We will consider these two issues in conjunction with each other because they are so closely related. Petitioners claim that, without a writ dismissing the complaint, they will be forced to (a) refuse to answer the complaint and then seek relief from the resulting default judgment, or (b) answer the complaint and litigate the action in a distant, inconvenient forum until final judgment has been rendered. If they choose the first course of action, they will have lost the opportunity to defend on the merits in the event that this court upholds on direct appeal the district court's exercise of jurisdiction. In the second instance, even if they were to obtain relief on direct review, they will have incurred substantial expense in litigating the action in a distant forum. However, this is not the type of uncorrectable damage sufficient to merit issuance of a writ. See In re Chicago, Rock Island & Pac. Ry., 255 U.S. 273 (1921) (declining to issue a writ in a situation where the district court was not clearly without jurisdiction, even though Rock Island was left with the alternatives of refusing to defend and having a default judgment entered against it, or of incurring litigation expenses to defend on the merits and attacking personal jurisdiction on direct appeal).

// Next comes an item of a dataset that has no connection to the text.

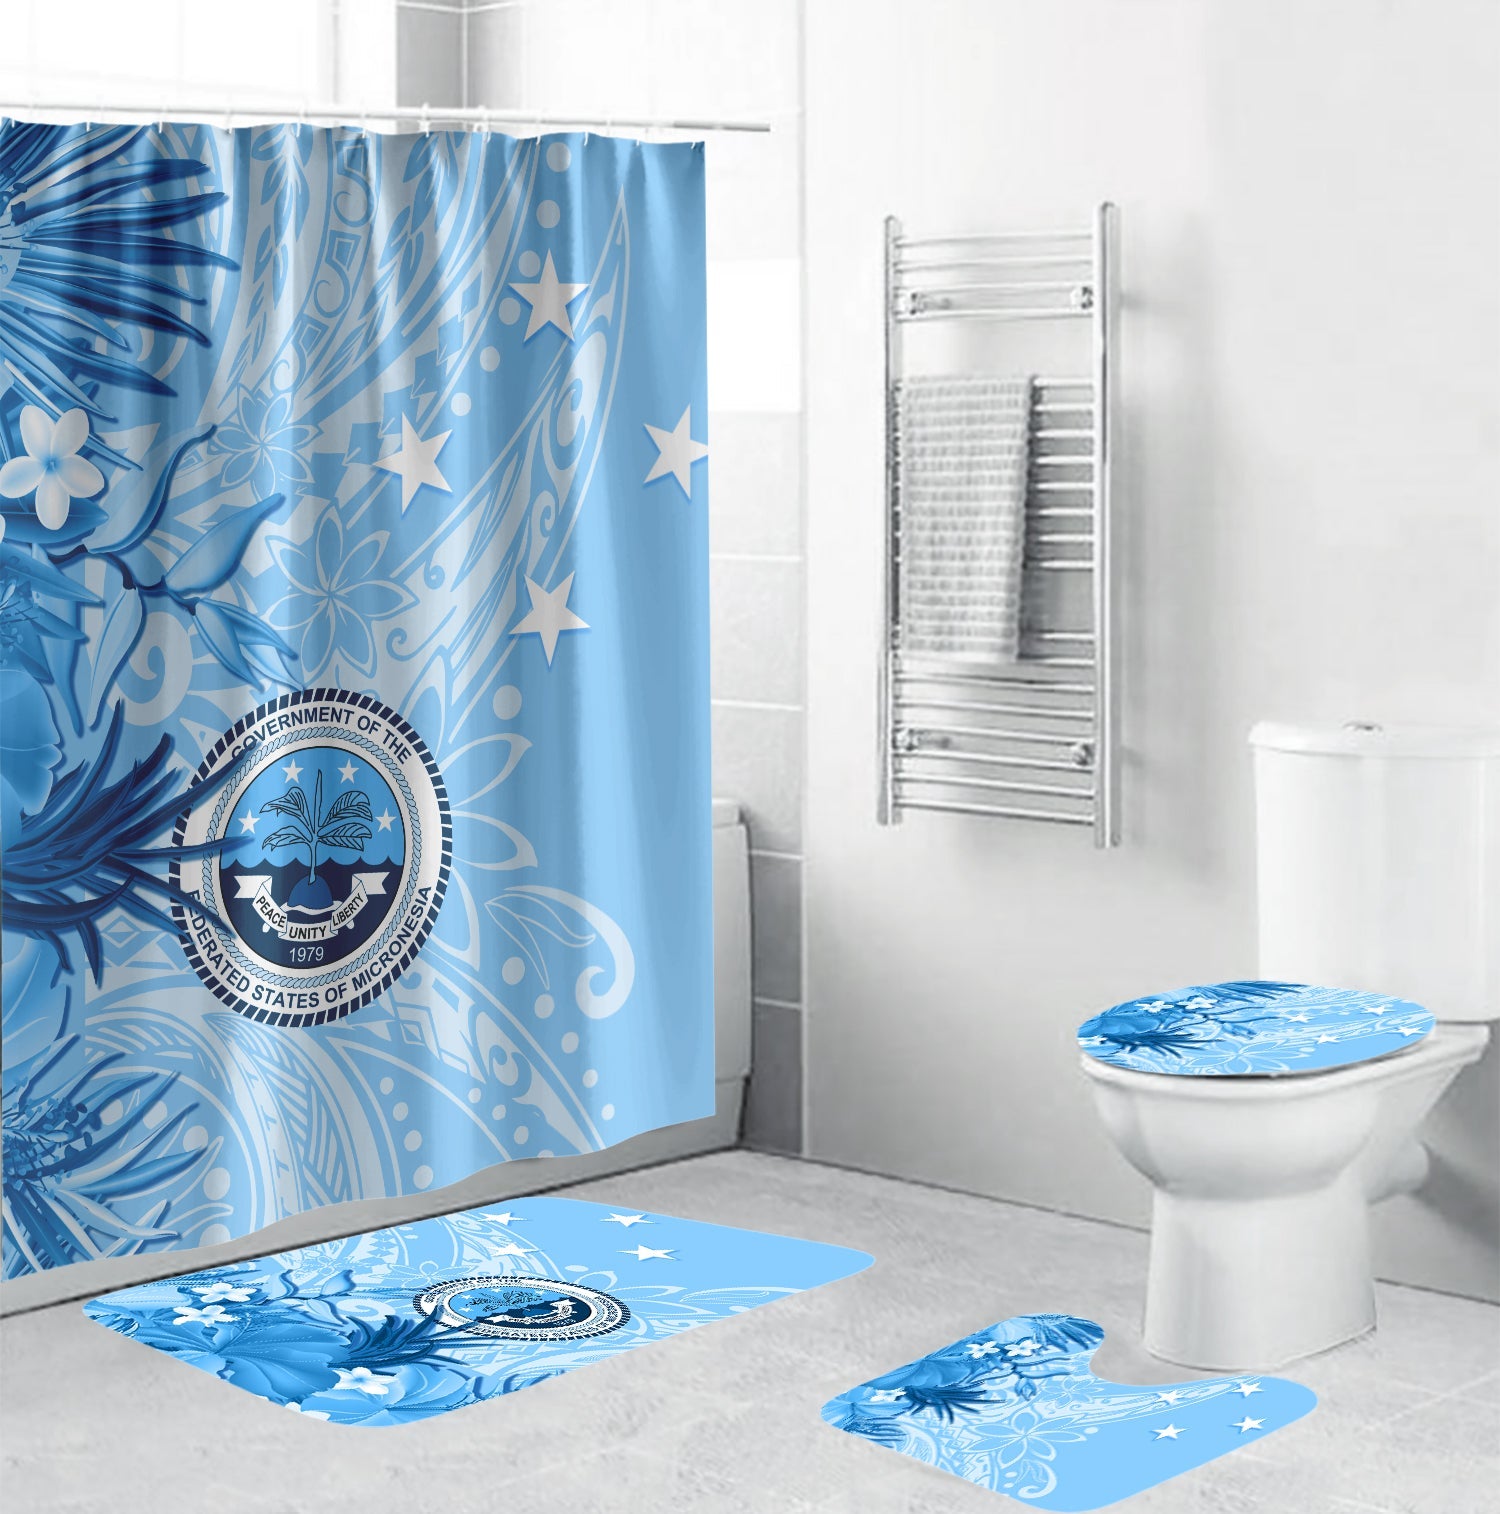 Federated States of Micronesia Bathroom Set Tropical Flowers LT7 Turquoise - Polynesian Pride

(2) Whether the Order of the District Court Is Clearly Erroneous as a Matter of Law

In order for this factor to favor issuance of a writ of mandamus, the district court must have committed clear error in determining that it had personal jurisdiction over petitioners. If, as here, the court decides to rule on the basis of written submissions, XORB bears the burden of merely making a prima facie showing that personal jurisdiction exists. The court "must consider the pleadings and affidavits in the light most favorable to the plaintiff." Welsh v. Gibbs, 631 F.2d 436, 439 (6th Cir.1980), cert. denied, 450 U.S. 981 (1981) (quoting Poston v. American President Lines, 452 F.Supp. 568, 571 (S.D.Fla.1978)).

In assessing whether the district court was clearly erroneous in its assertion of personal jurisdiction over petitioners, we must apply the provisions of the Ohio Long Arm Statute, OHIO REV.CODE ANN. § 2307.382 (Baldwin 1994), as well as the Due Process Clause of the Fifth Amendment. Reynolds v. International Amateur Athletic Fed'n, 23 F.3d 1110, 1119 (6th Cir.), cert. denied, 115 S.Ct. 423 (1994).